First, volunteering, I am touched by how doctors truly make a difference in people’s lives. Working with the homeless, I am amazed by how important cardiovascular health is and how our lifestyles truly need to change. Being in America, we are blessed with plenty – food is relatively cheap and easily obtainable. People aren’t malnourished, they are mis-nourished. The problem with cheap food, fastfood food, and easily obtained food is that they are cheap calories, saturated fats, and cholestrol. The paradox is that even in the homeless population, there is a high occurance of obesity, much more so than in other countries that I have been to. I attribute this directly to differences in lifestyle, society, and diet in the general public. Access to cheap food, high in saturated fats and cholestrol, is so much easier and more prevalent than access to home cooking, vegetables, and the variety of other nutritional mechanisms that require stability.

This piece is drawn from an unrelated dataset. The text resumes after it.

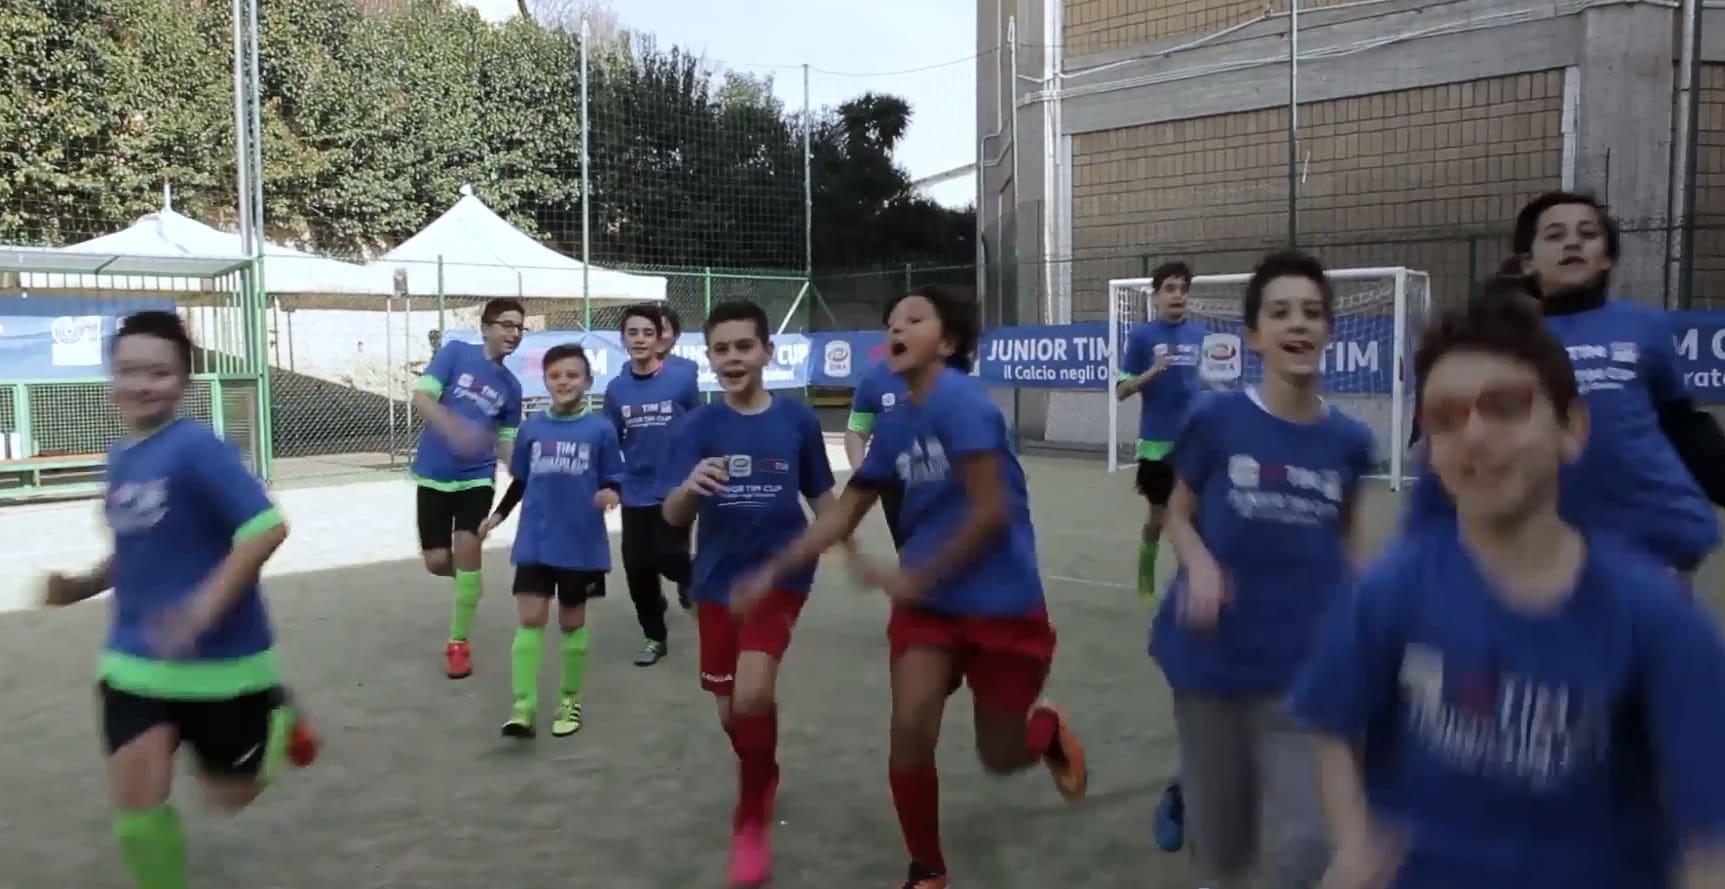 Calcio: la Coppa Italia dei giovanissimi in serie A

Even when dealing with belligerent clients, a polite but firm demeanor is all that is needed to get things done. I think ironic thing is I enjoy with belligerent poeple the most – in part because I can sympathize with them. The homeless is neglected. Not only in the sense of lacking material possessions or lacking proper nutrition, but to be homeless is to be constantly disrespected. People either view them with fear and rejudice, or utterly ignore them.That, I think, is the most painful. Yet they are people too. They are amazing people, with their own experiences, loves, and hates. They are God’s children. They are hard-working, polite people with simple tastes. Regardless the reason, they should be respected. This total lack of respect, utter rejection by society as a whole, on anyone would be traumatizing. If the shoe was on the other foot,  I would be more than belligerant. I would be livid if I was treated with the contempt and rejection they deal with every single day. They are so happy to just talk with me, to be treated with respect, to care for them. They tell me stories about the importance of education, as they watched me read my biochemistry book.  They talk about thier frustrations, the lack of options. After all, what can you do when you are in that kind of situation? Social mobility comes from education, and education comes only from a basis of stability. To be homeless is to be constantly frustrated, and if they need to vent, then they should. I’m just glad I am there to listen.

I’ll write more about my other experiences this week when I get back from research.